# What to expect with a 28 wk baby ? *updated 1st post :)*



## Jkelmum

:cry: Been told to day there is a high chance i will deliver within 72 hrs ive had 1 shot of steroids waitin on next shot tomorrow .......I dont know i am gunna cope :cry: 

Will she be really poorly ? 
Do you think it wil be awhile before i can hold her ?
oh i have so many questions :cry: any advice will be great I love my baby but really dont want her to come just yet ...

*update
  being induced monday 1st june at 37 wks and 2 days gestation thank-you for all your advice i cant believe i have got this far xxxxxxx*


----------



## embojet

Hi. Molly was born at 29 weeks. All babies are so different. Girls are generally much stronger than boys so she is off to a good start there. Molly was in hospital for 47 days before coming home. She needed to have oxygen to help her grow as it took too much energy to breathe. She is still on oxygen at home now but is gradually getting weaned off it. I'm sure your LO will be fine hun. I could hold Molly after a couple of weeks, as before that her skin was too delicate, but I could touch her. 
Those steroid injections are painful aren't they?!
Make sure you get shown round your newborn unit if you haven't yet as this really helped to put my mind at rest, explaining what to expect with all the machines etc. 
PM me if you have any other questions, good luck hun :hugs:


----------



## Jkelmum

Tomorrow i get my second jab and yes it kills but worth it ....they are showin me around tomorrow i just pray she stays put xxx


----------



## Dona

serina27 said:


> :cry: Been told to day there is a high chance i will deliver within 72 hrs ive had 1 shot of steroids waitin on next shot tomorrow .......I dont know i am gunna cope :cry:
> 
> Will she be really poorly ?
> Do you think it wil be awhile before i can hold her ?
> oh i have so many questions :cry: any advice will be great I love my baby but really dont want her to come just yet ...

Hi, 

Each baby is different, Archie was born at 27 weeks. All answers to your current questions are in my parent journal. Archie is 7 weeks old today and we still have 6 weeks until his due date, so 6 more weeks still left to go in the baby unit. I am living it just now so if you have any questions PM me. I can also give you my mobby number if you need to chat. One thing I have learned is you need to speak to people who have been or are going thought what your going thought as it's an emotional time. One thing you need to understand is that the care these babies get is outstanding. 

Dona 
xxxxx


----------



## ALI

Hiya. 

As others have already said every baby is different but there is every chance that
your little one will be perfectly healthy , and as already mentioned girls tend to do much better than boys . We were able to hold our little one within the first two weeks. The steroid injections are neccesary with premmies to help the lungs develop more quickly , 2 are required prior to birth.

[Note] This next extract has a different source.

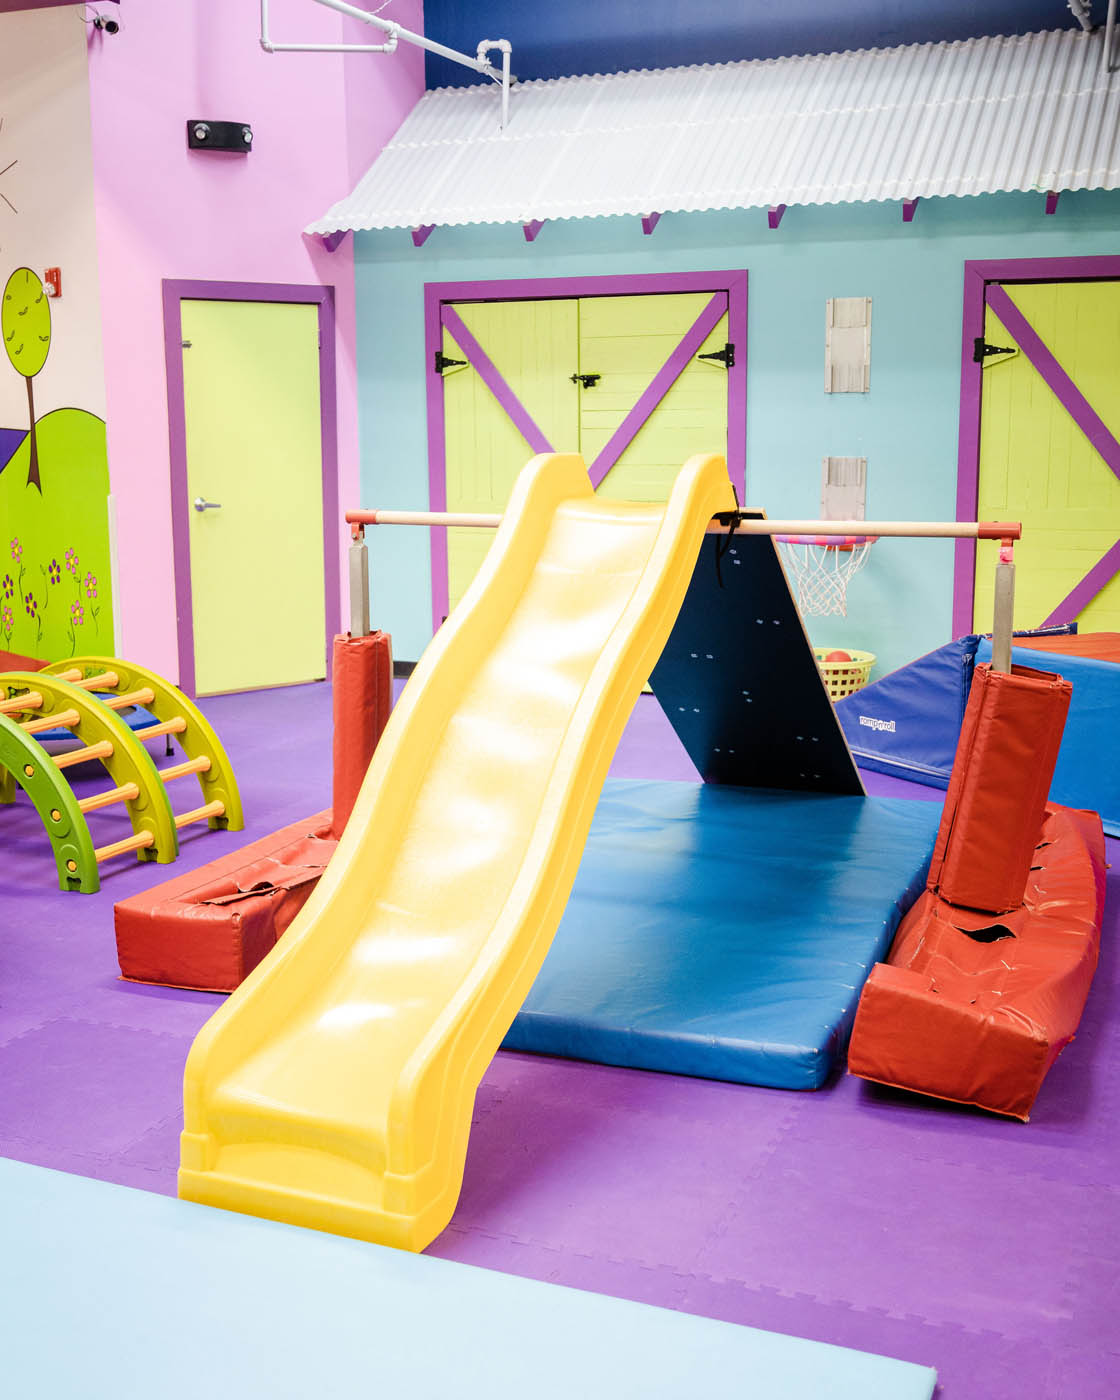 A Romp n' Roll Midlothian slide, indoor playgrounds in Midlothian, VA.

She will be in good hands as the staff at the NICU/SCBU units are brilliant!


----------



## char23

Hi i had to have steriod injections at 24 weeks as i was having strong contractions and was told i may deliver within 48 hours my baby went on to be full term and seems i just had an irritable uterus. 
x


----------



## keldac

I hope baby stays put for a while longer :hugs:
I have had a 29 weeker and a 33 weeker. Theres no denying it is a very stressful time with lots of ups and downs. It is very frighterning to see your baby in an incubator with lots of machinery - but as the days and weeks pass these become less and less as your baby gets bigger and stronger.
Your baby will look tiny and it will seem like its taking forever to move a step forward - but the vast majority of babies do very well at this stage.
xxx


----------



## Mamafy

my lil boy was born at 28 weeks :) Hope your lil girl can hold on :hugs:


----------



## Jkelmum

Well i am now 36 hrs after second steroid jab and 3rd day of antibiotics and the pains arent there at the mo ...*touches wood* I think my lil miss may stay where she is a while longer .....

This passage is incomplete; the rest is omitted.